The Trunk Monkey
Staff "Loyalty" to Hillary Rodham Clinton

Dealing with the Financial Crisis, Stage III: Nationalization

Stage I of dealing with a financial crisis is to provide liquidity to the banking system at high interest rates in order to keep commerce and finance liquid while punishing feckless overleveraged financiers. We passed out of Stage I at the end of last year. Stage II is forgetting about punishing feckless financiers and focusing on lowering interest rates in order to raise asset prices to keep finance solvent. We are now in Stage II.

Now Alan Blinder says that it is time to--in a limited way--move on to Stage III: nationalization.

Here is his case for a partial nationalization of mortgage banking:

From the New Deal, a Way Out of a Mess: I have several reasons for focusing on just one aspect of the mess: the potential tsunami of home foreclosures.... Foreclosures throw families -- some of whom were victims of deception -- into the streets. They erode home values, damage neighborhoods and reduce the values of other properties, thereby intensifying the decline in housing prices that underlies many of our current problems. And they might even cut into consumer spending, which would really throw us into recession.

A second reason is that reducing the wave of foreclosures would mitigate the closely related financial crises in home mortgages and the alphabet soup of financial creations based on them.... A third reason for focusing on foreclosures is that we've seen this film before.

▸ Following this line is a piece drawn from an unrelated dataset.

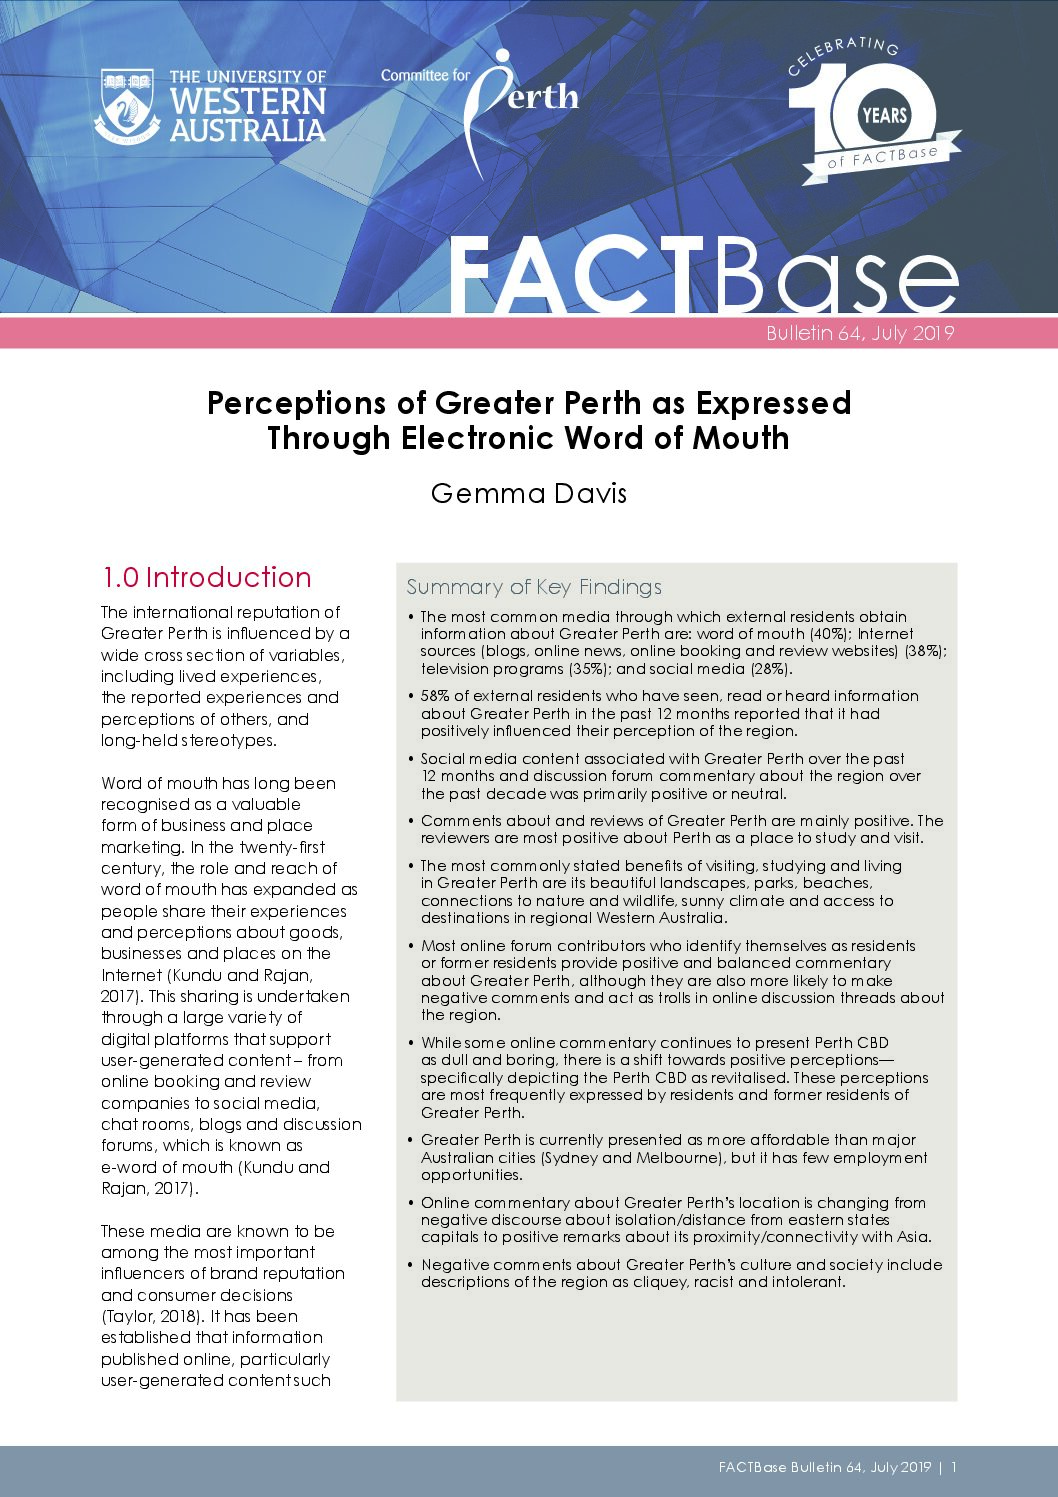 FACTBase Bulletin 64 - July 2019

During the Depression, President Franklin D. Roosevelt and Congress dealt with huge impending foreclosures by creating the Home Owners' Loan Corporation. Now, a small but growing group of academics and public figures, including Senator Christopher J. Dodd, Democrat of Connecticut, is calling for the federal government to bring back something like the HOLC. Count me in.

The HOLC was established in June 1933 to help distressed families avert foreclosures by replacing mortgages that were in or near default with new ones that homeowners could afford. It did so by buying old mortgages from banks.... mThe scale of the operation was impressive. Within two years, the HOLC received about 1.9 million applications from distressed homeowners and granted just over a million new mortgages.... Its total lending over its lifetime amounted to... 5 percent of a year's gross domestic product at the time. (The corresponding figure today would be about $750 billion.)

As a public corporation chartered for a public purpose, the HOLC was a patient and even lenient lender. It tried to keep delinquent borrowers on track with debt counseling, budgeting help and even family meetings. But times were tough in the 1930s, and nearly 20 percent of the HOLC's borrowers defaulted anyway.... The HOLC closed its books in 1951... with a small profit. It was a heavy lift, but the incredible HOLC lifted it.

Today's lift would be far lighter. And a good thing, too, because our government is far more timid and divided than Roosevelt's....

Details matter, so here are a few: First, any new HOLC should refinance only owner-occupied residences. Speculators can fend for themselves -- or go into default. Similarly, second homes or vacation homes should be ineligible, as should very expensive real estate. (Precise limits would vary regionally.) Third, mortgages obtained via misrepresentation by borrowers should be ineligible for HOLC refinancing, but cases of fraud or deception by the lender should be treated generously. Fourth, as the original HOLC found, not all bad mortgages can be turned into good ones....

What about the operation's scale? Based on current estimates, such an institution might be asked to consider refinancing one million to two million mortgages... as much as $200 billion to $400 billion. The midpoint, $300 billion, is one-seventh the size of Citigroup and would rank the new institution as the sixth-largest bank in the United States....

[T]he new HOLC seems likely to turn a profit, just as the old one did. But even if it loses a few billion, we must remember its public purpose: to help the economy recover, not to make a buck. By comparison, the new economic stimulus package has a price tag of $168 billion.